Friends in the publishing industry have told me they hate to see the first of every year roll around because they know they’re going to be flooded with novels completed during NaNoWriMo. Novels that writers are so excited about mainly because they have completed them in a timely enough fashion (or were able to fake it well enough) to enable them to get a little digi-ribbon saying that they are nothing if not prolific. And, now that that masterpiece is actually in black and white, they think it’s ready to start sending to agents and publishing houses, along with the note that they actually wrote this breathtaking piece of fabulousness in Just A Month. Can you imagine how many eBooks are “out there” already that were written in a push just to get the correct number of words written in the allotted amount of time? And then published in e-format with little or no ‘real’ editing done. (Having your friend’s cousin’s maid’s uncle read it and tell you whether he thinks it’s ready or not doesn’t count! Unless Uncle George makes a living reading and editing.) Once upon a time, those novels would have been sent back with polite (or not so) rejection notices, but now, thanks to Amazon, those pieces of “fast craft” are published right alongside blood, sweat and tears pieces of work that writers actually spent time and money on to get them as near perfect as possible before submitting. The one thing that writers didn’t need was more competition. I love my Kindle. And I love love love getting freebie books for it…and I’m all for free enterprise and watching indie writers pulling ahead of the pack…but I kinda liked the good old days when you could actually be proud that your book had been published and was on a shelf somewhere because experts in the field said it was “good enough.” Not just getting bragging rights because you write real good on sumthing that peeps wanna reed. And u are faast too. *sigh*
But …
Weekly magazines and daily newspapers regulalry include articles of this length and longer – and some of them are well researched, well structured, professionally edited and worth the investment of time in reading them.

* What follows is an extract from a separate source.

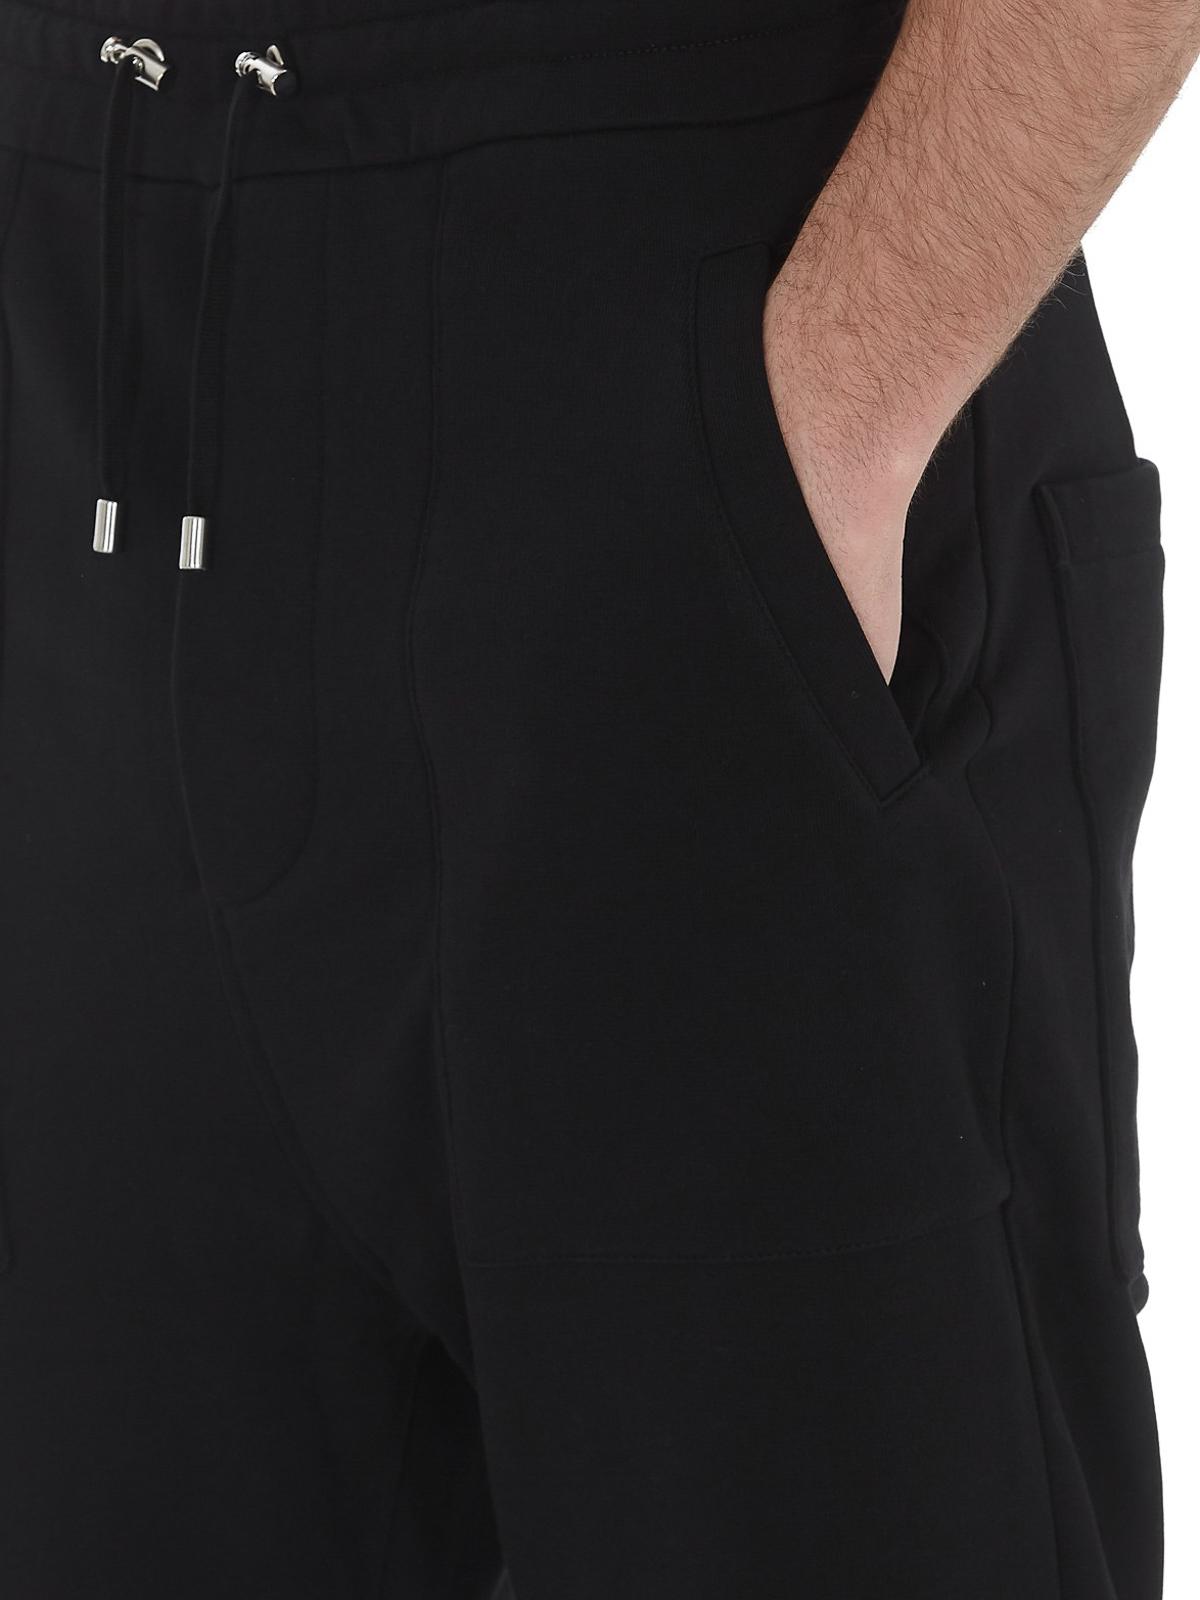 Balmain Cropped Cotton Tracksuit Bottoms in Black for Men - Lyst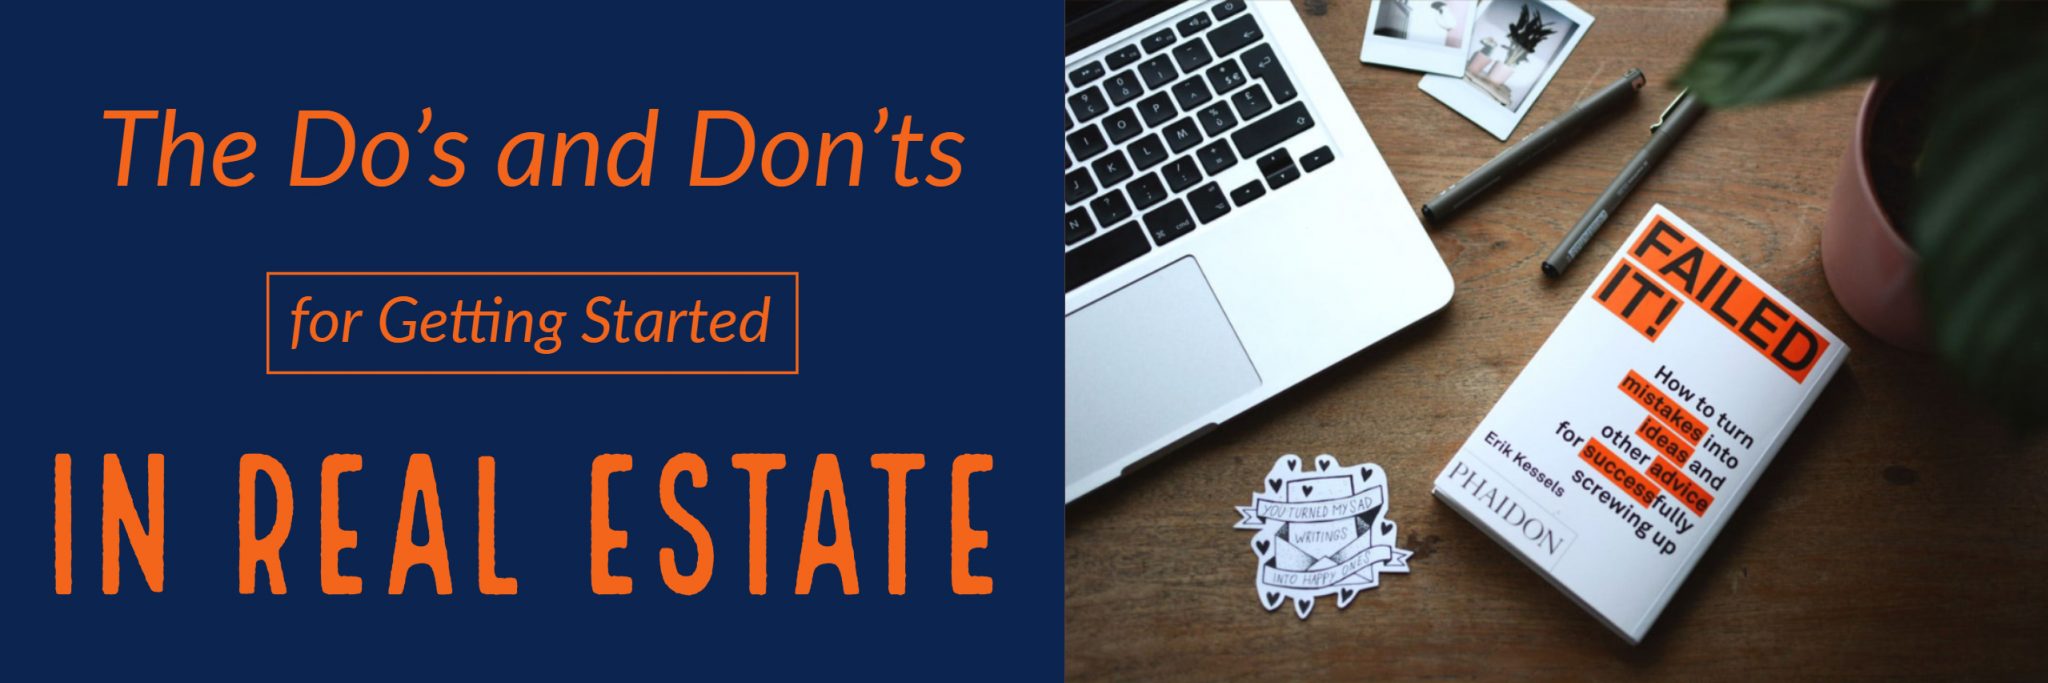 The Do's and Don’ts for Getting Started in Real Estate

The starting point is that they have an organisational structure built around these types of timescales and they come from the pen of a writer or writers already very familiar with the background material.
I believe the problem of how to choose what is worth reading is the major problem in this emerging world – I don’t believe the timescales per se are the issue. They just make a media splash – which is, on review, a pretty meaningless one.
We are living through a major hiatus in the publishing industry – I have faith that the market will find a way to enable people to distinguish between safe purchases and riskier ones. Maybe we need certification marks from e-book sellers “guaranteed proofead” or “guaranteed edited” to get past the surface quality issues.
As to finding a way to assure the quality of the content – I don’t see the solution other than market feedback – and I’m not sure that anything more wouldn’t be a censorship by another name.
all good points.
Glorified articles published as books are still pollution. And the obvious glee in sending out something unpolished is strange.
Fiction, as mentioined by several commenters, and a non-fiction essay (novella, short-story, etc.) are two very different things.
It sounds like the book is really just an expanded sports article, something like what you would see in the paper or in a magazine. I’m guessing that journalists are used to churning out material like this on a regular basis.
The thing is he’s trying to get the best of both worlds.
Put in the effort of a sports article. That’s usually free to read in a paper or on a site.
Sell if for $1.99 as a book and call it a ‘book on Jeremy Lin’.
adding a phrase to your comment:
“That’s usually free to read in a paper or on a site” and then thrown away.